Click OK to create the digital certificate. It will then be available in the Use Certificate from System Store dropdown menu detailed in (figure 2).
Signing Documents
Click Sign Document to sign existing signature fields:
Figure 4. Protect Tab, Sign Document Highlighted
The Sign Document dialog box will open, as detailed below. Note that If more than one signature field is present then it is necessary to select the desired field. If there are no existing signature fields then the pointer will transform into a blue rectangle. This represents a new signature field. Place it at the desired location in the document and then click to create the signature field. The Sign Document dialog box will open:
Figure 5. Sign Document Dialog Box
•Select a certificate from the system store or the local computer.
•Click View Certificate to view details about the selected certificate.
•Click Create Certificate to create a new certificate. The dialog box displayed in (figure 5) will open.
•Click the Reason for Signing menu, or enter text into the box manually, to add a reason for signing the document.
•Click the Location box to enter a location as desired.
•Click the Contact Info box to add contact information to the signature.
•Click the Permissions box to determine the changes that are permitted after the document has been signed.
•Click the Sign Template menu to select layout options for the signature and associated information.
•Click Manage to further customize the Sign Template.
•Select the Use Timestamp Server box to select a timestamp server to add to the signature, then select a timestamp server from the dropdown menu.

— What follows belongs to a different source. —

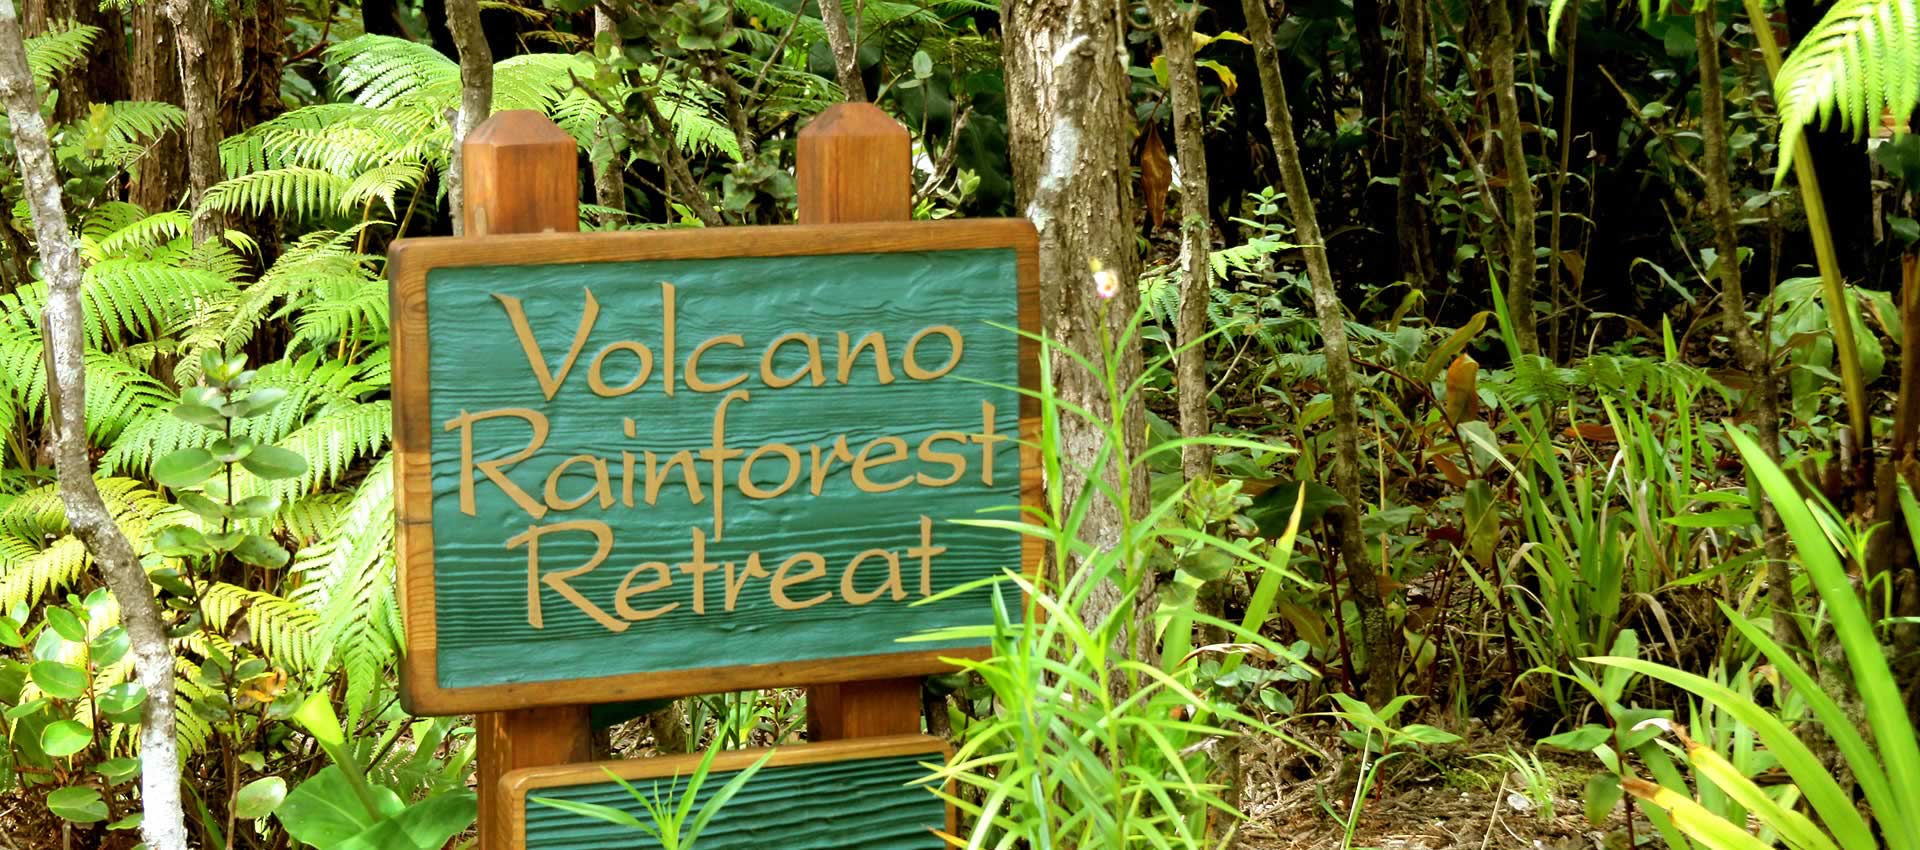 Volcano Rainforest Retreat sign surrounded by tropical ferns

Click Change to view/edit the details of the timestamp server used.
Click OK to add the digital signature to the document.
Multi-Place Signatures
You can use the Multi-Place Signature option to add digital signatures to multiple pages at the same time:
Figure 7. Sign Document Dialog Box
•Select a certificate from the system store or the local computer.
•Click View Certificate to view details about the selected certificate.
•Click Create Certificate to create a new certificate. The dialog box displayed in (figure 3) will open.
•Click the Reason for Signing menu, or enter text into the box manually, to add a reason for signing the document.
•Click the Location box to enter a location as desired.
•Click the Contact Info box to add contact information to the signature.
•Click the Permissions box to determine the changes that are permitted after the document has been signed.
•Click the Sign Template menu to select layout options for the signature and associated information.
•Click Manage to manage/customize/create signature templates. The Digital Signature Appearance Templates dialog box will open, as detailed below.
•Select the Use Timestamp Server box to select a timestamp server to add to the signature, then select a timestamp server from the dropdown menu. Click Change to view/edit the details of the timestamp server used.
•Use the Placement Options to determine where signatures are placed:
•Click All, Current or Custom to determine the pages on which the signature is placed. Page range settings are detailed here.
•Use the Zoom options to change the zoom level in the preview window as desired.
•Click and drag the bounding box, or use the number boxes, to determine the location at which the signature is placed on the page.
Certifying Documents
Click Certify to certify documents and add a visible signature:
Figure 6. Certify Documents Location
The Sign Document dialog box will open, as detailed above. Determine settings as desired and then click OK to certify the document. Note that once a document has been certified with a signature, it is not possible to add another signature to the document. If you want to certify documents without adding a physical signature, then use the Certify (Invisible) option immediately below the Certify option in the user interface.